Assigned task :: This task calls for the lines below starting at the one containing "مثال على تصميم غير عادي للمطبخ الأحمر" and ending at the one containing "4th ANNUAL SHRINE", repeated exactly with both ends kept and pictures left out.

Data for this exercise ::
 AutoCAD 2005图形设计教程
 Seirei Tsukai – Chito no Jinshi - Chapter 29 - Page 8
...
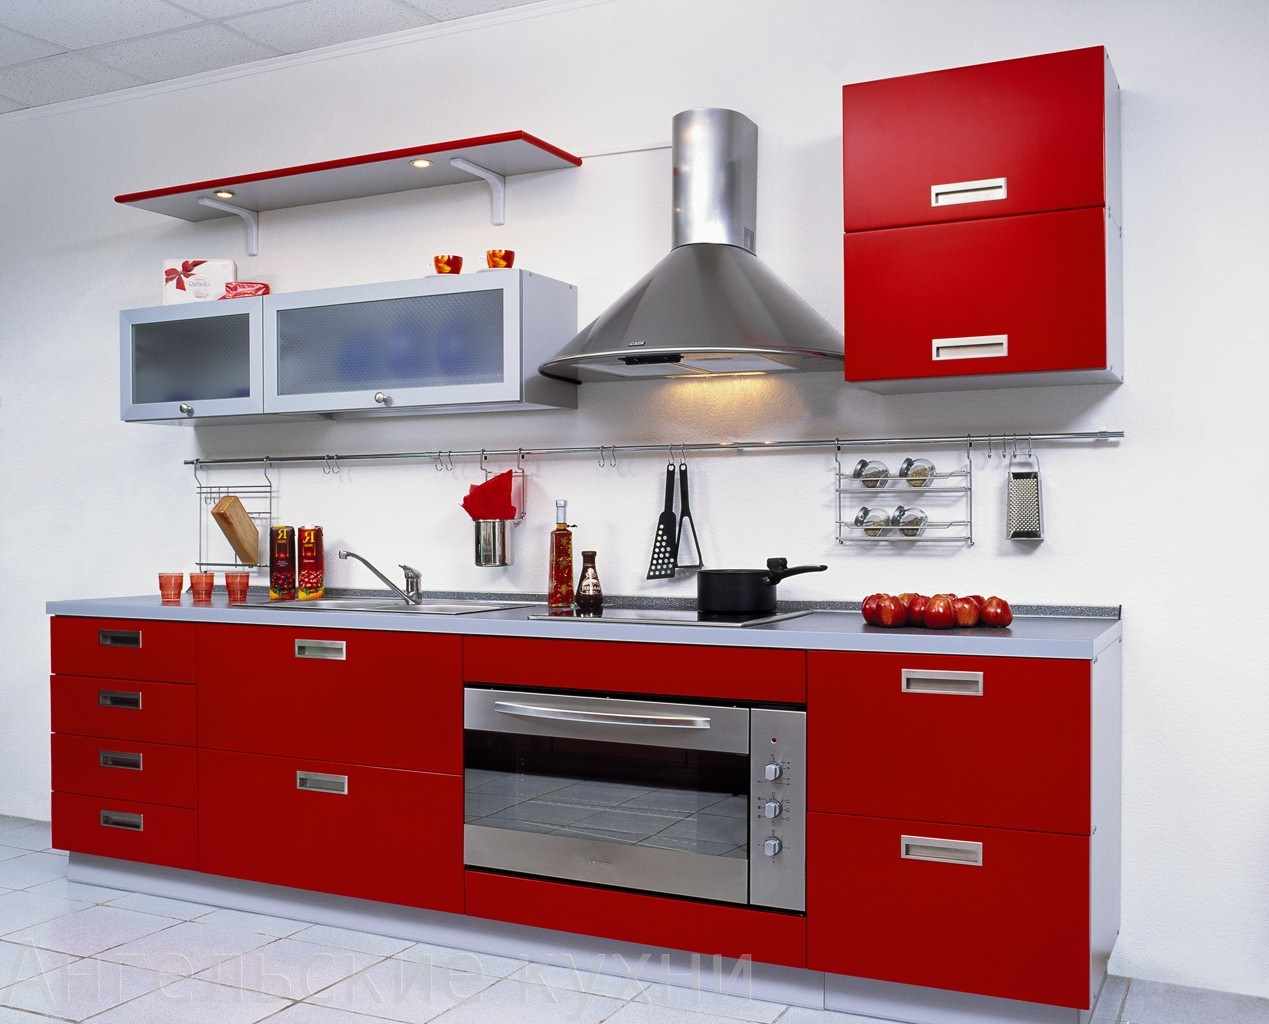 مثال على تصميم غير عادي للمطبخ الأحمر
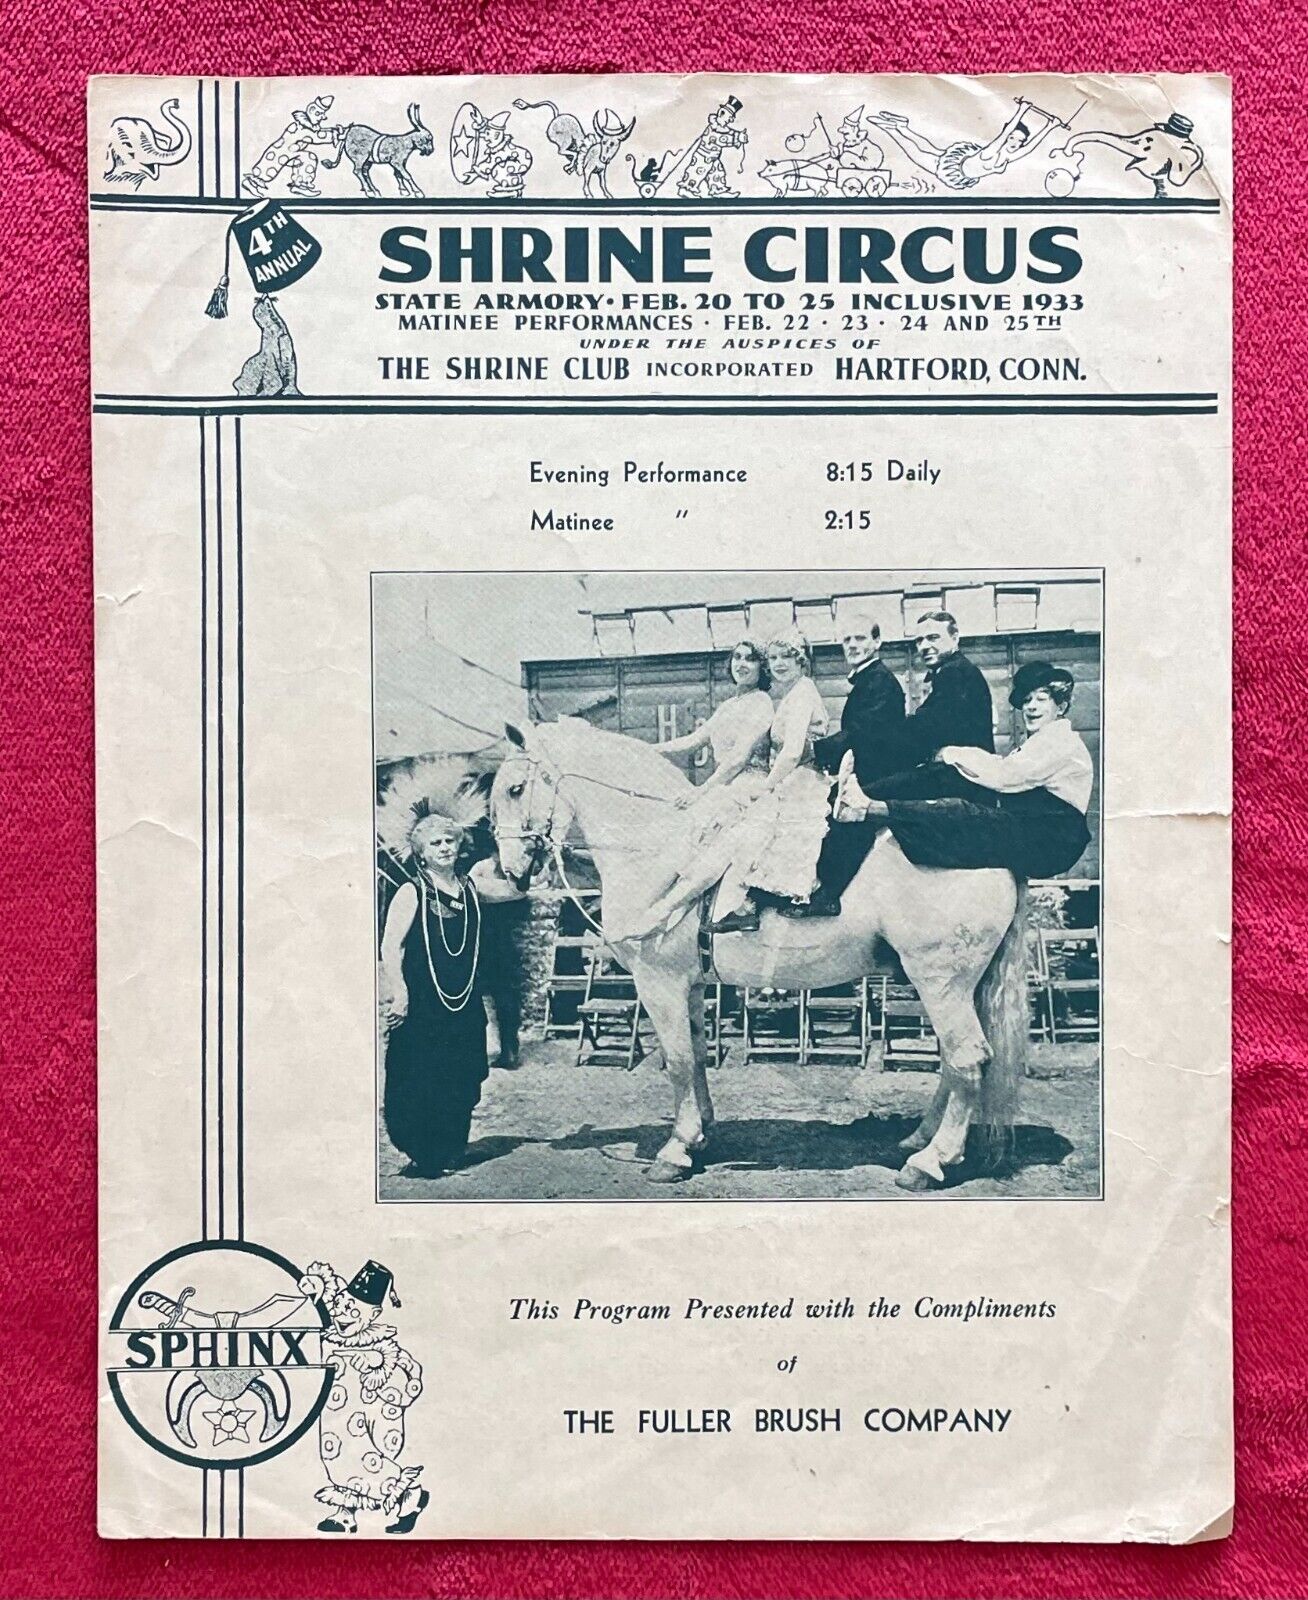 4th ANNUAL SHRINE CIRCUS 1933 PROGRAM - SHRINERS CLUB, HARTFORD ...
--
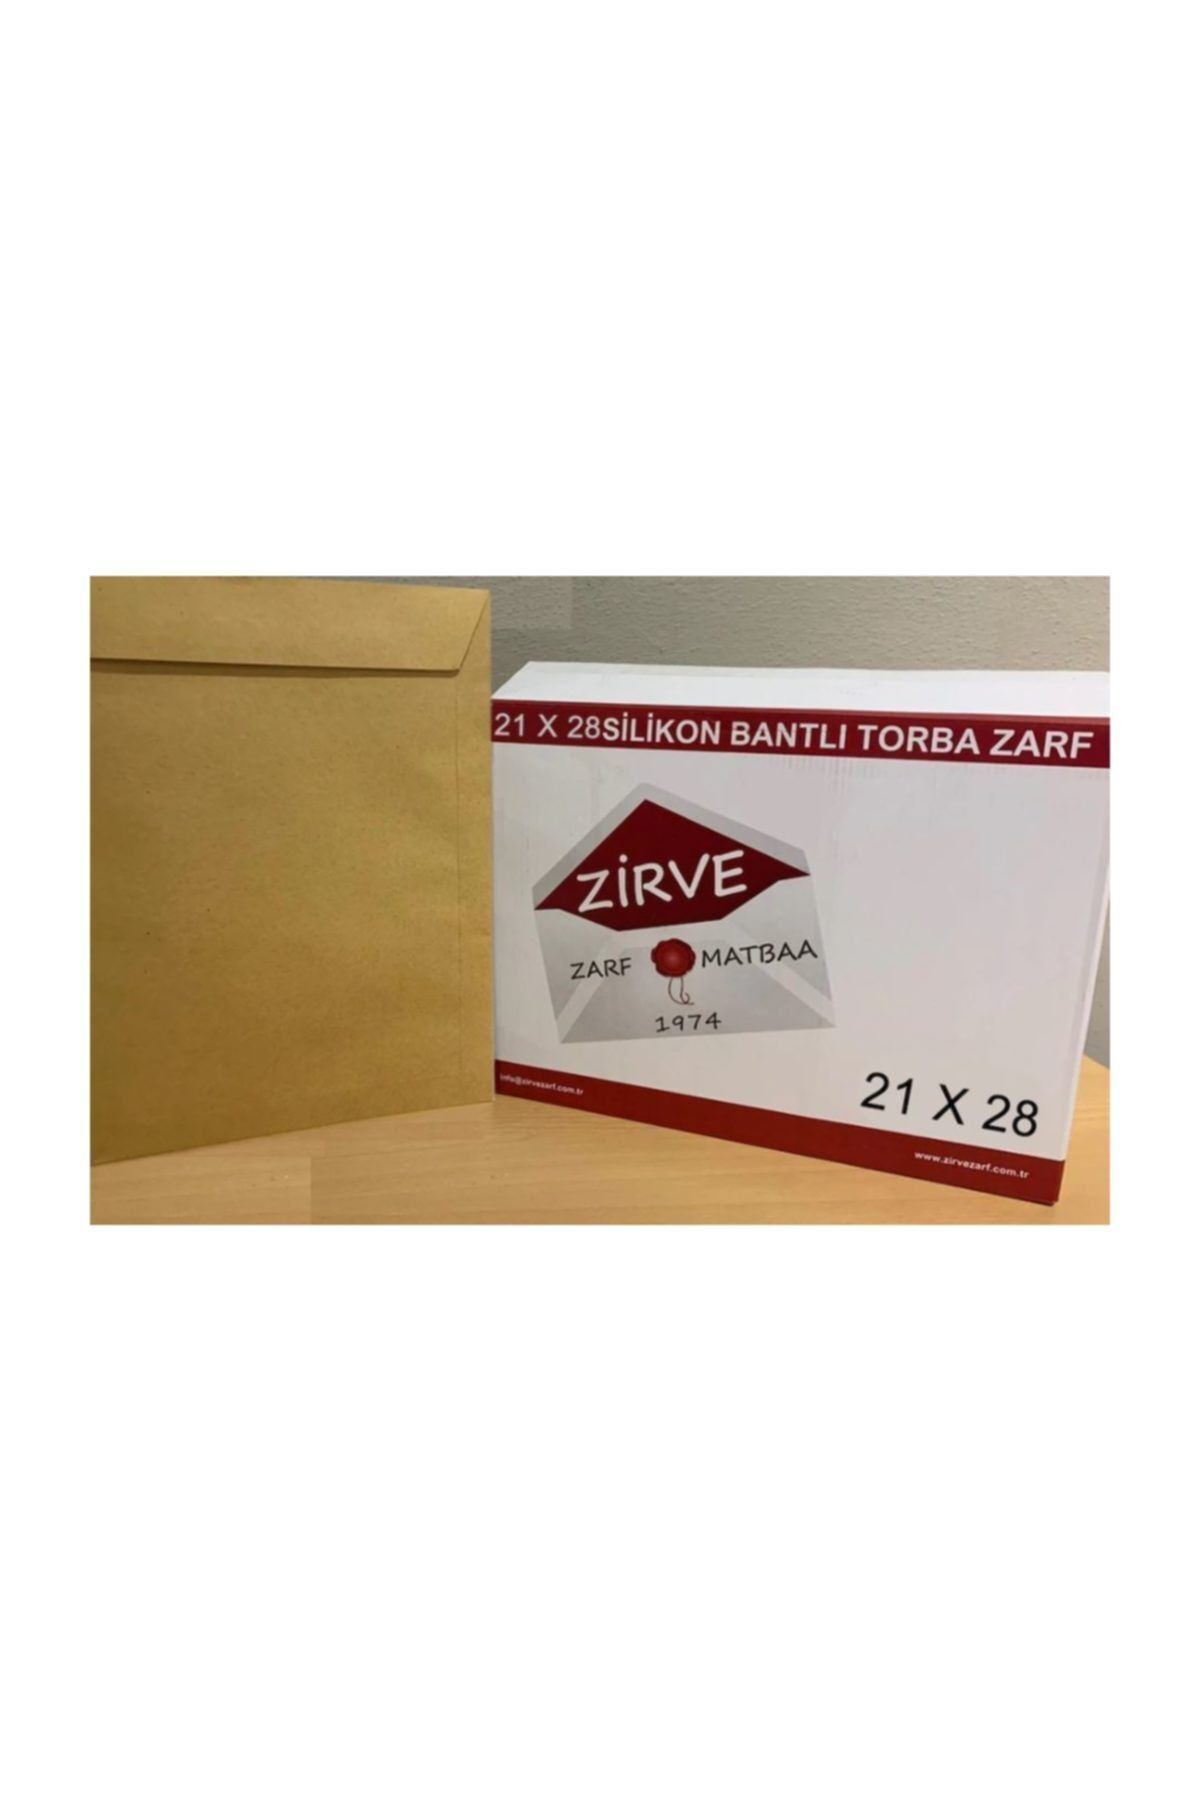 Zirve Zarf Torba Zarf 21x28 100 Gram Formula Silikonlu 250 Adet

Output of the exercise ::
 مثال على تصميم غير عادي للمطبخ الأحمر
 4th ANNUAL SHRINE CIRCUS 1933 PROGRAM - SHRINERS CLUB, HARTFORD ...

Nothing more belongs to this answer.